── DATA EXTRACT ──
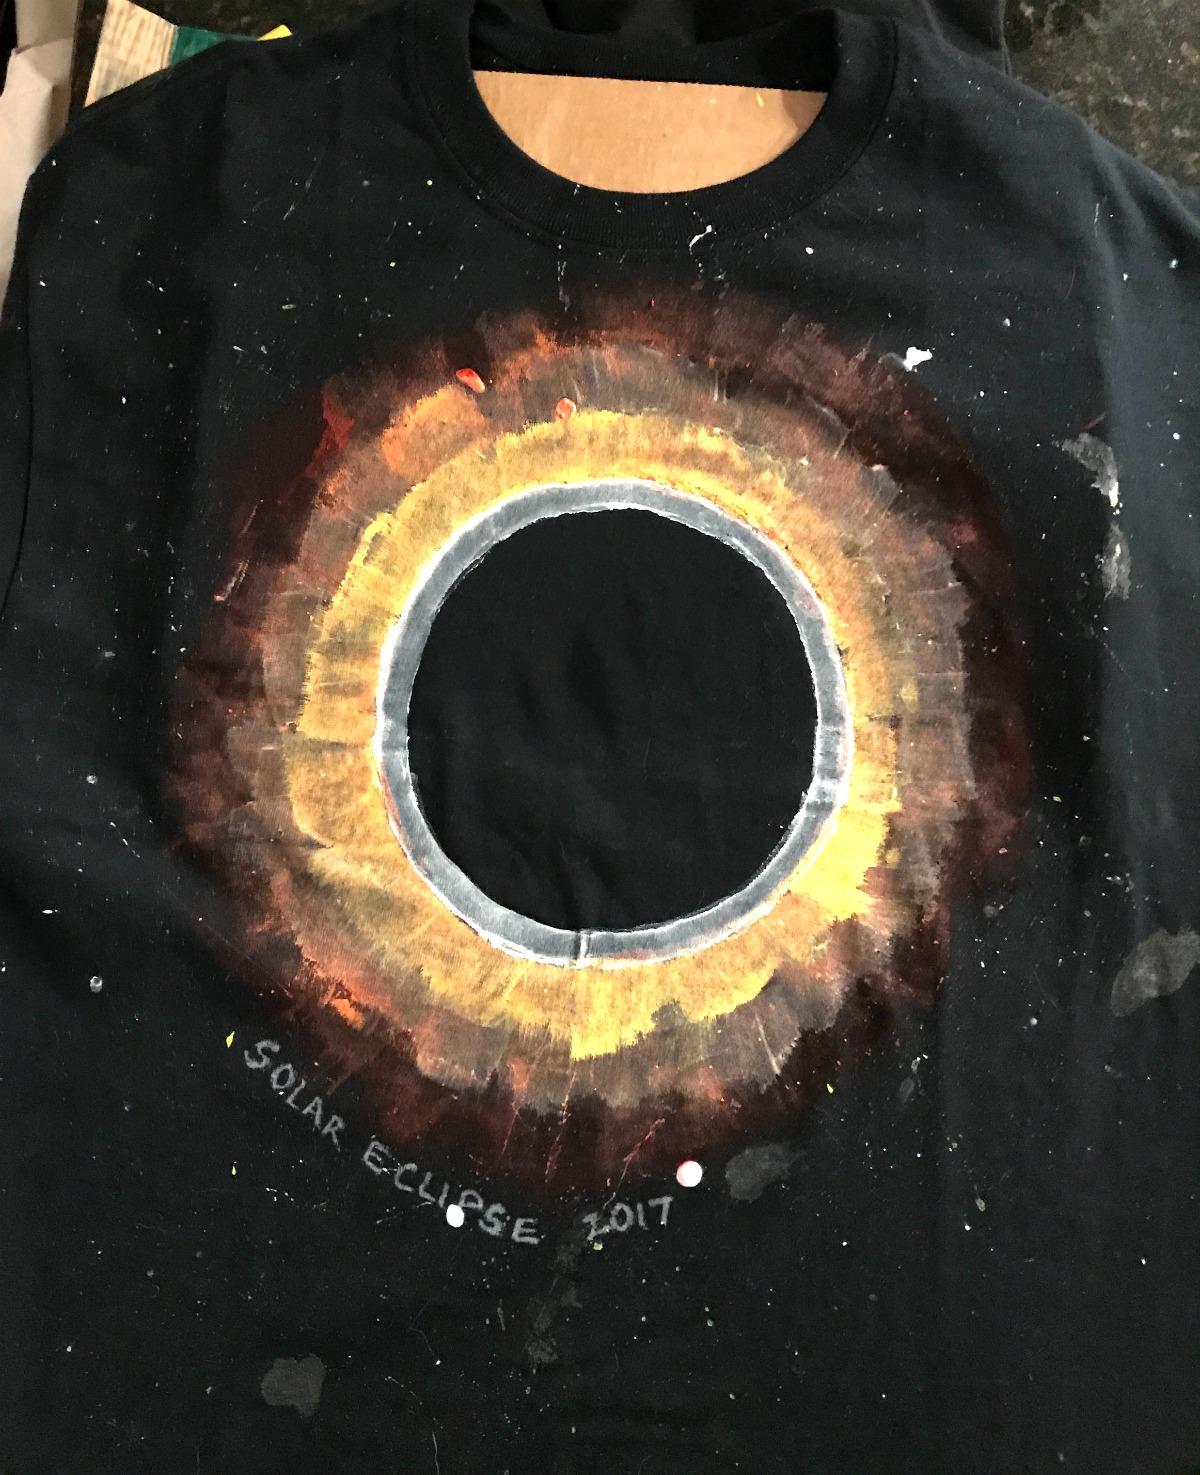 Great American Total Solar Eclipse Tshirt Craft For Kids (FUN ECLIPSE CRAFTS) - Solar Eclipse Tee Craft showing the Finished Solar Eclipse T shirt
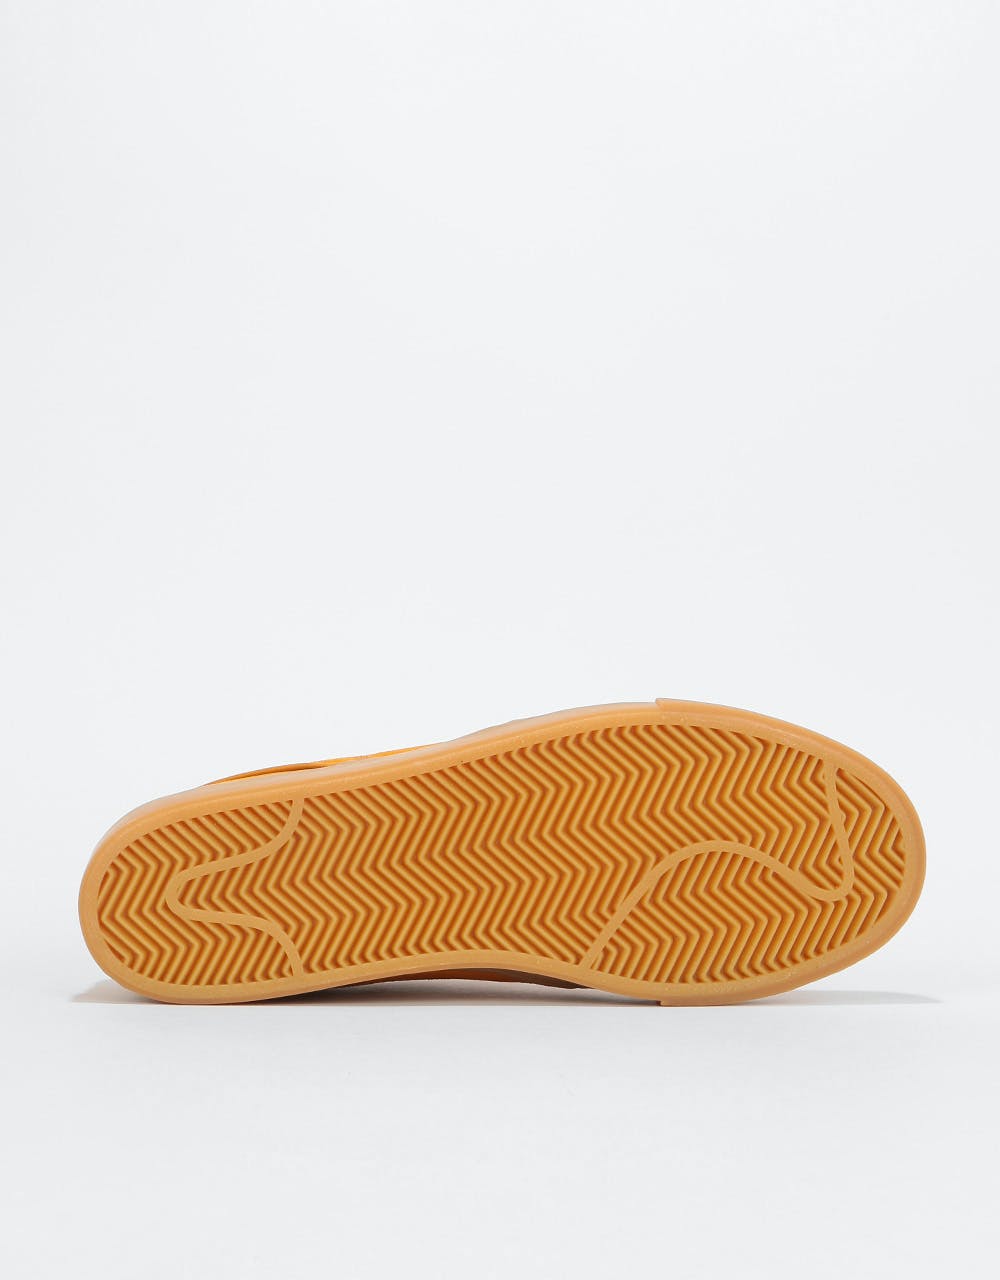 Nike SB Zoom Janoski Premium Skate Shoes - Bronze/Bronze-Gum Light Bro
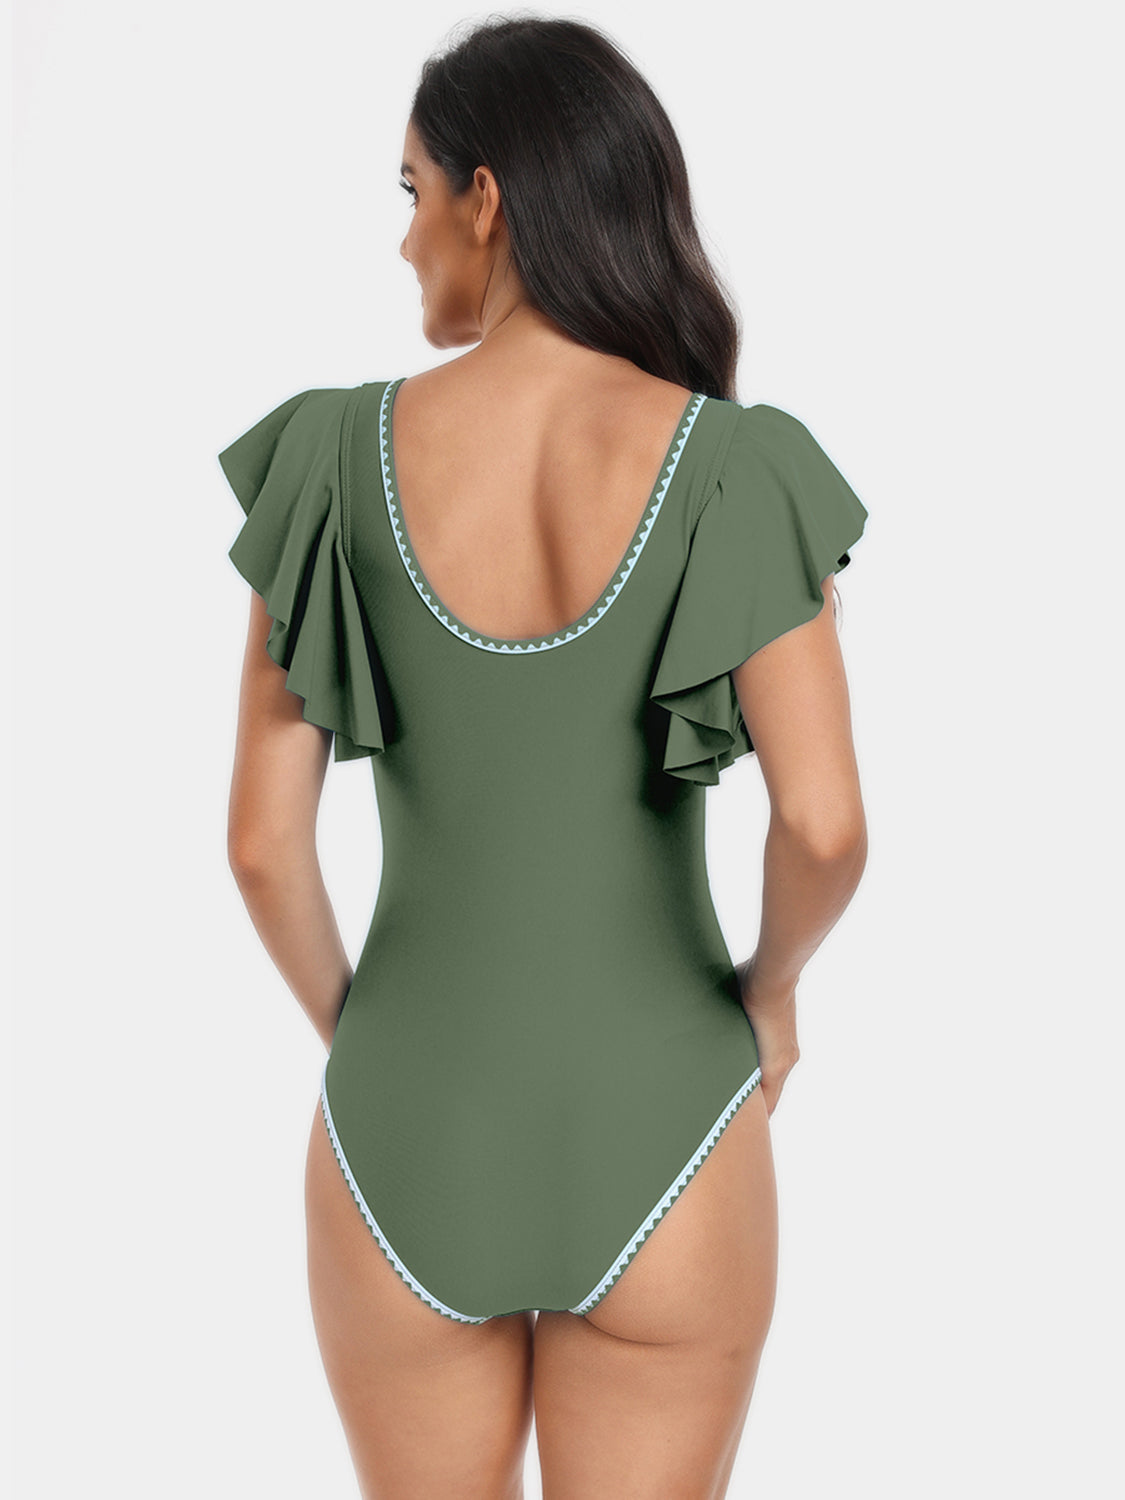 Plunge Cap Sleeve One-Piece Swimwear - Women’s Clothing & Accessories - Swimwear - 6 - 2024
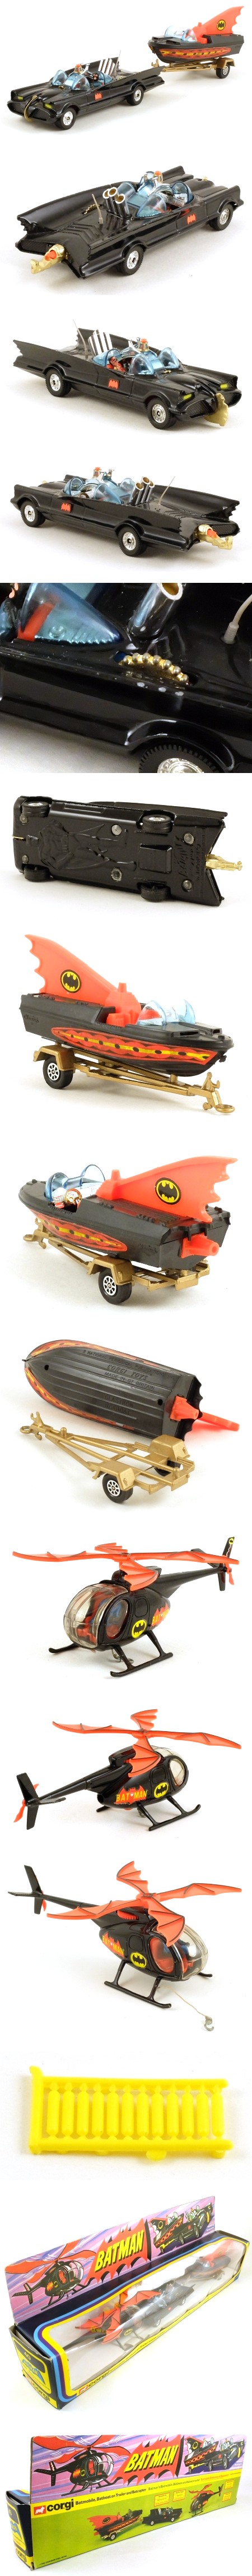 GS40 Batman Gift Set
───
■ TASK GOAL
Write the listing out in full, exactly; no images.

■ ANSWER
 Great American Total Solar Eclipse Tshirt Craft For Kids (FUN ECLIPSE CRAFTS) - Solar Eclipse Tee Craft showing the Finished Solar Eclipse T shirt
 Nike SB Zoom Janoski Premium Skate Shoes - Bronze/Bronze-Gum Light Bro
 Plunge Cap Sleeve One-Piece Swimwear - Women’s Clothing & Accessories - Swimwear - 6 - 2024
 GS40 Batman Gift Set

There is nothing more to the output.